### What to work on:
An exact copy of the data is required. No picture may appear in it.

[Given material Boundary: Start]

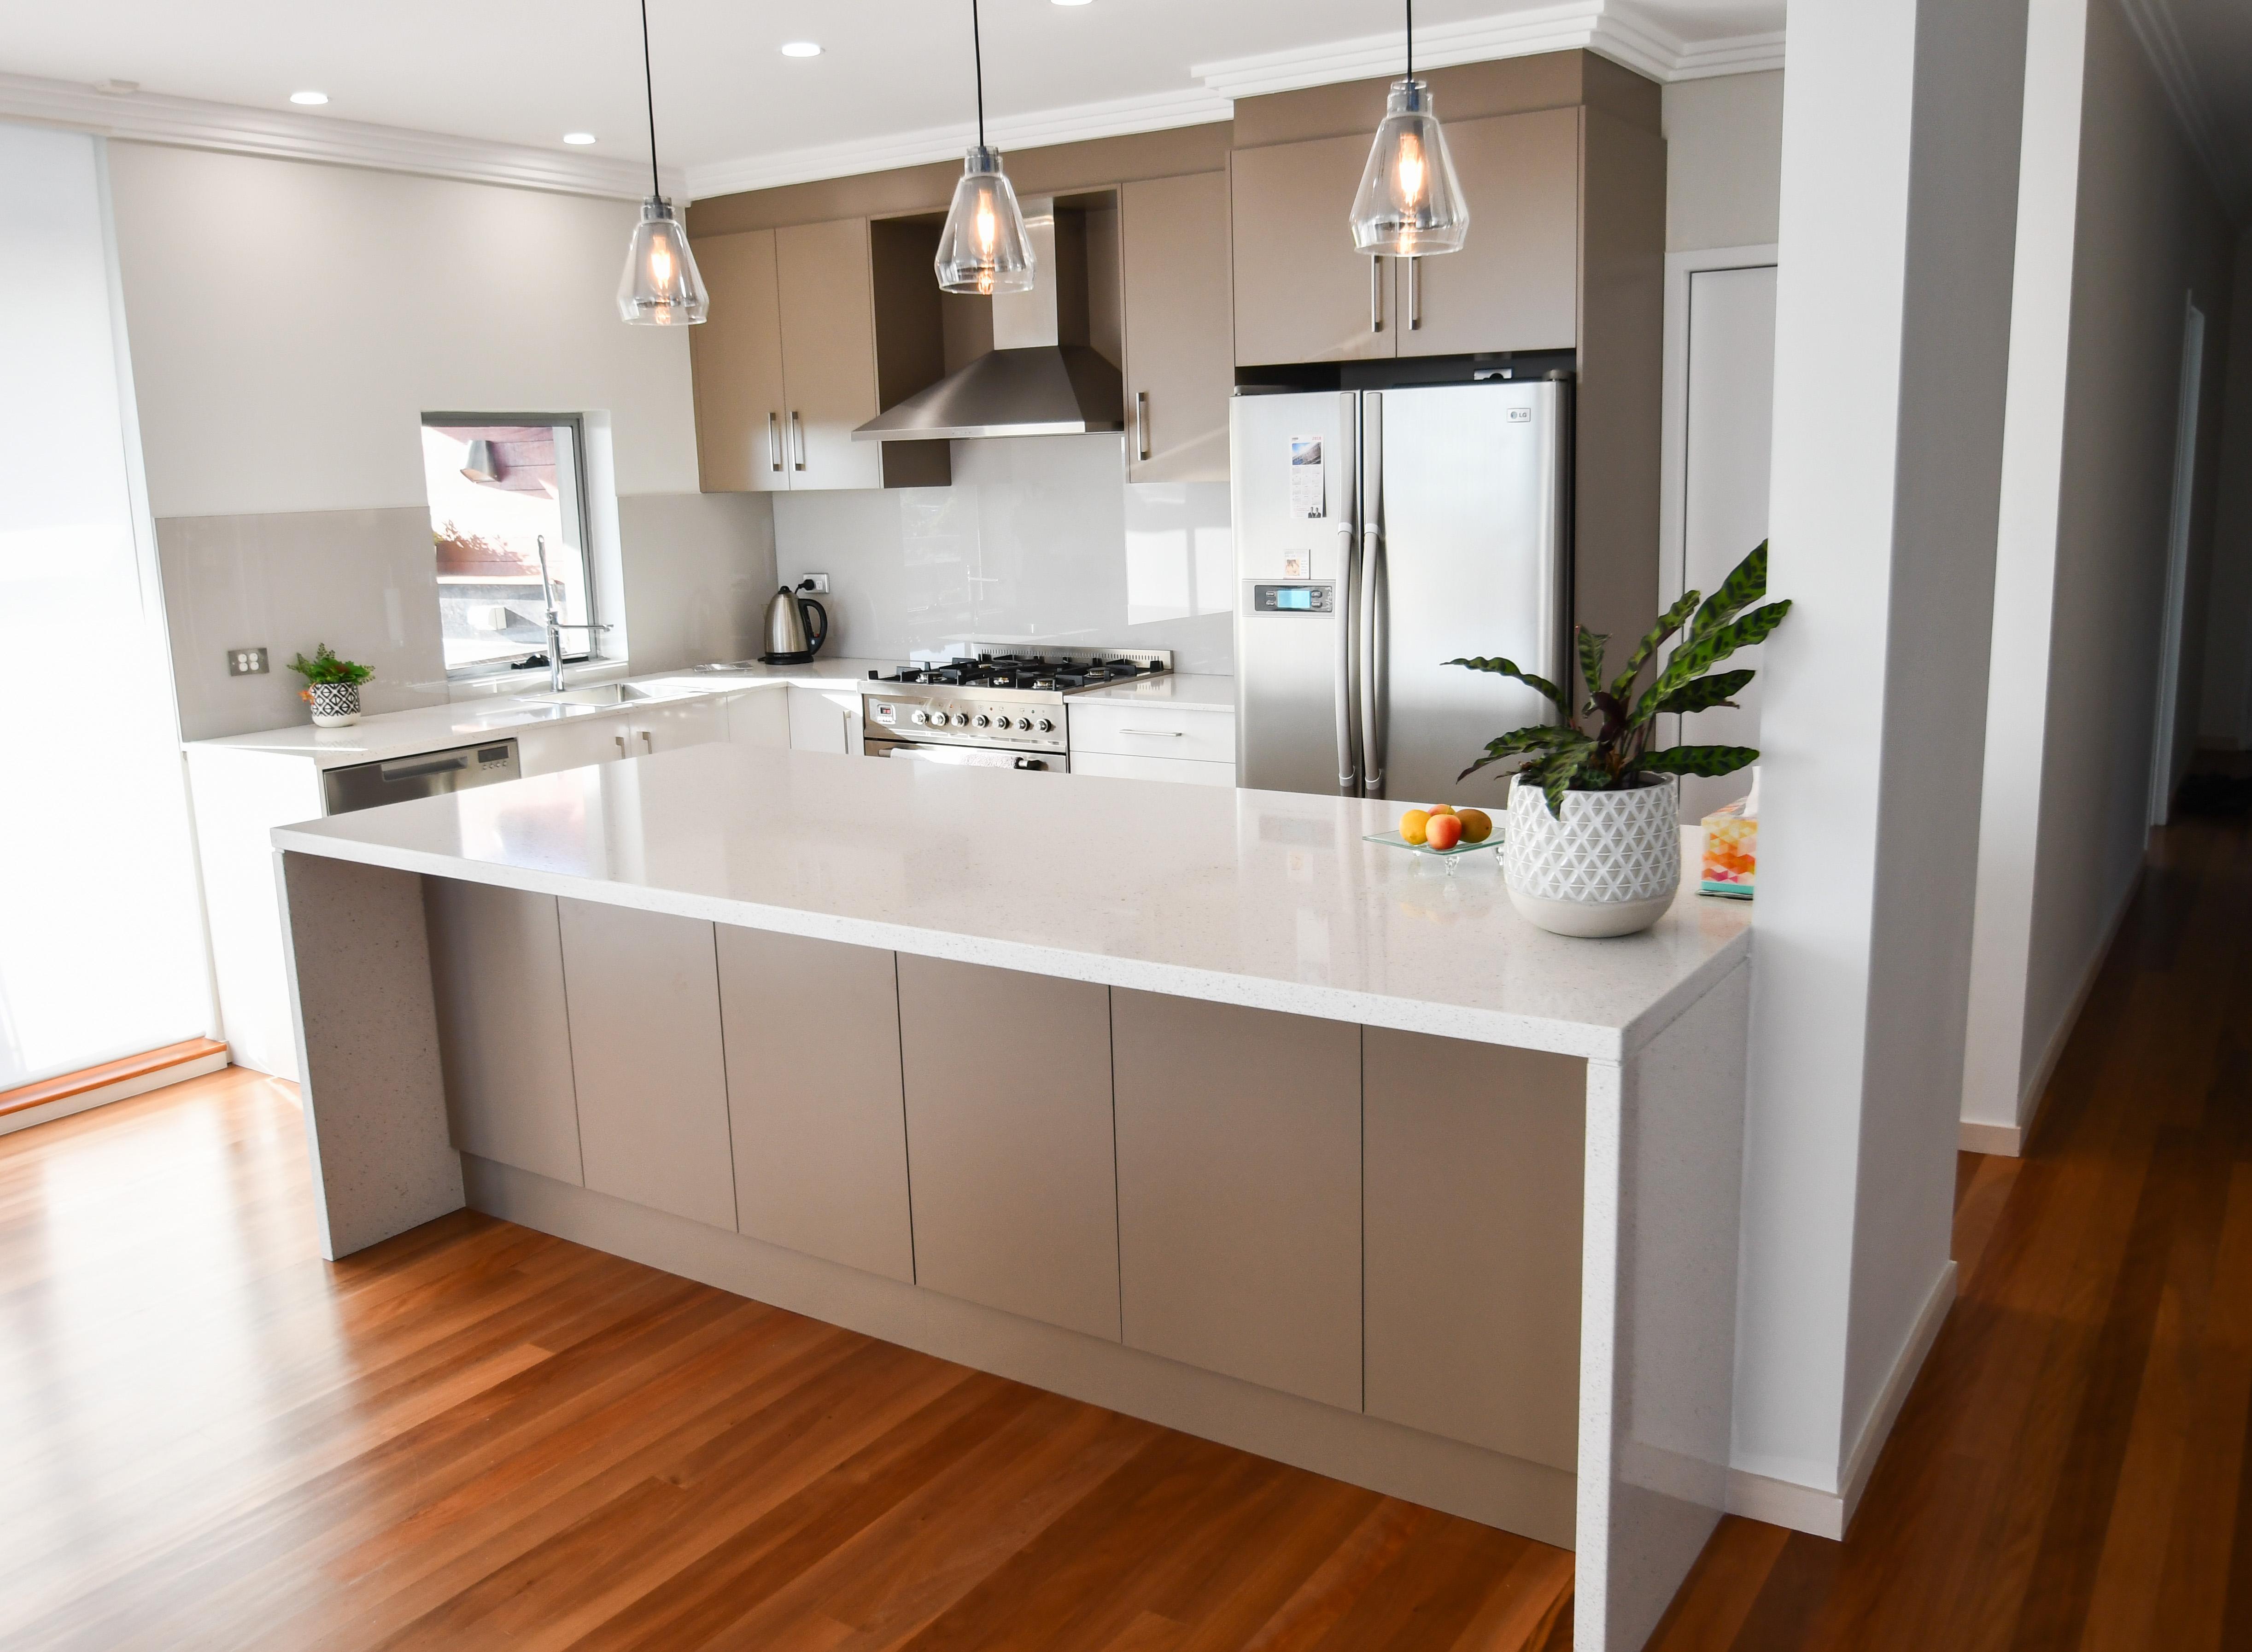 Practical Laminate Kitchens Cdk
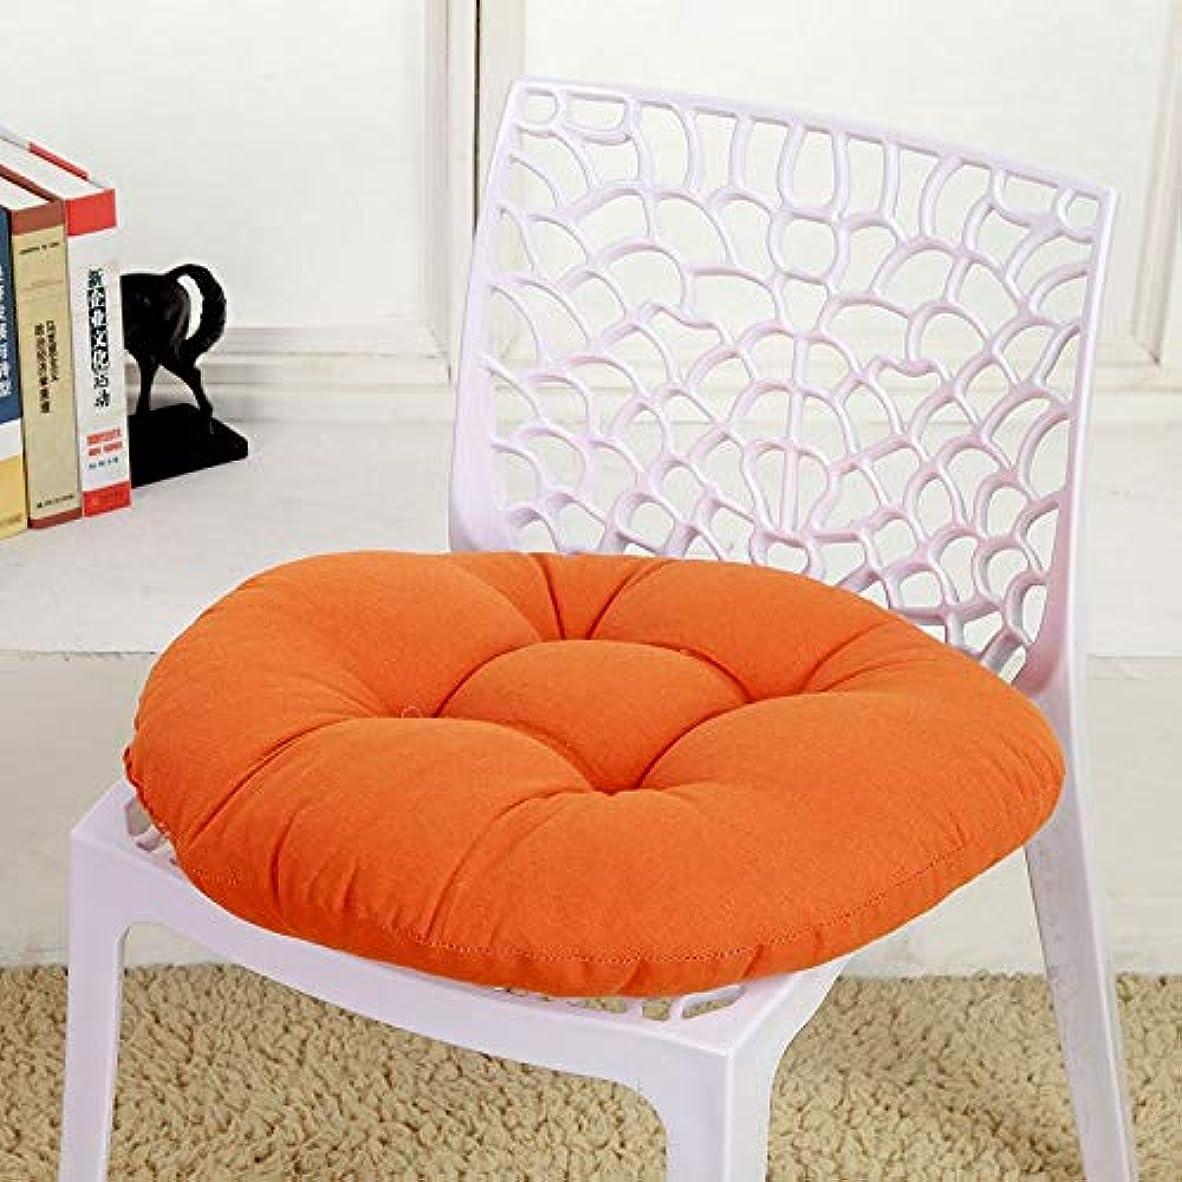 発明する麦芽ミシンSMART キャンディカラーのクッションラウンドシートクッション波ウィンドウシートクッションクッション家の装飾パッドラウンド枕シート枕椅子座る枕 クッション 椅子
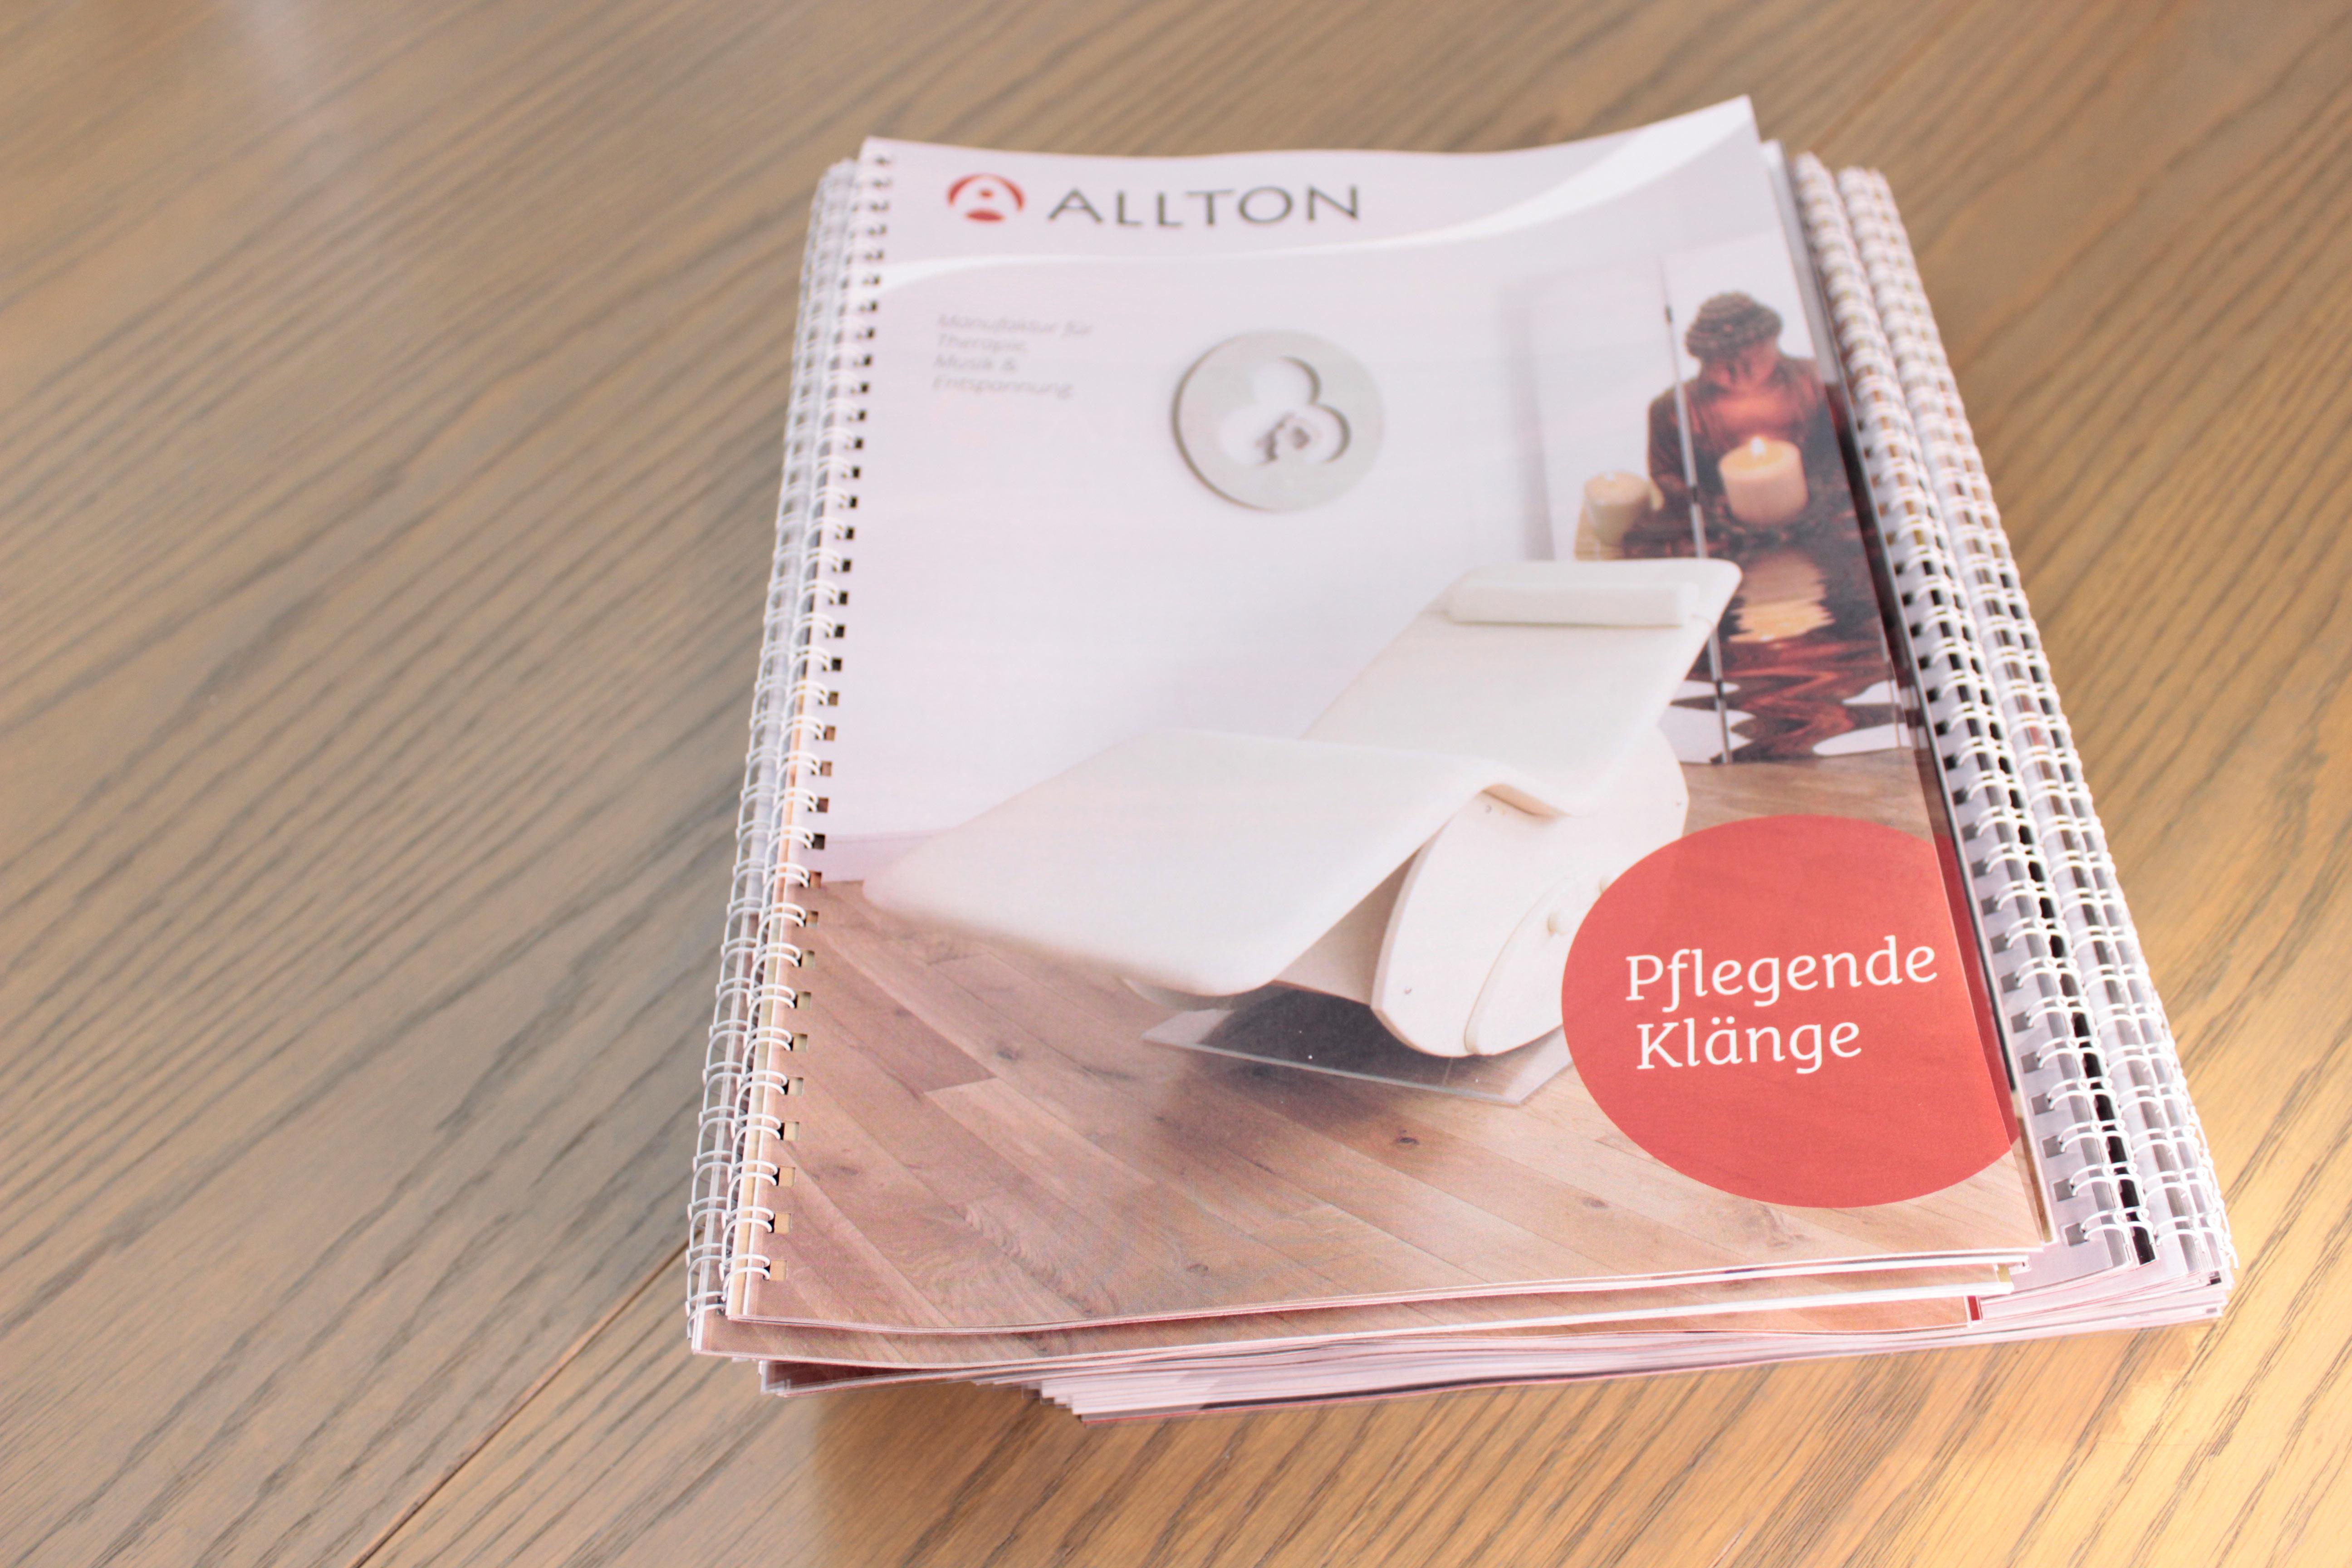 ALLTON Imageprospekt-foto

[Given material Boundary: End]

### Answer to the exercise:
 Practical Laminate Kitchens Cdk
 発明する麦芽ミシンSMART キャンディカラーのクッションラウンドシートクッション波ウィンドウシートクッションクッション家の装飾パッドラウンド枕シート枕椅子座る枕 クッション 椅子
 ALLTON Imageprospekt-foto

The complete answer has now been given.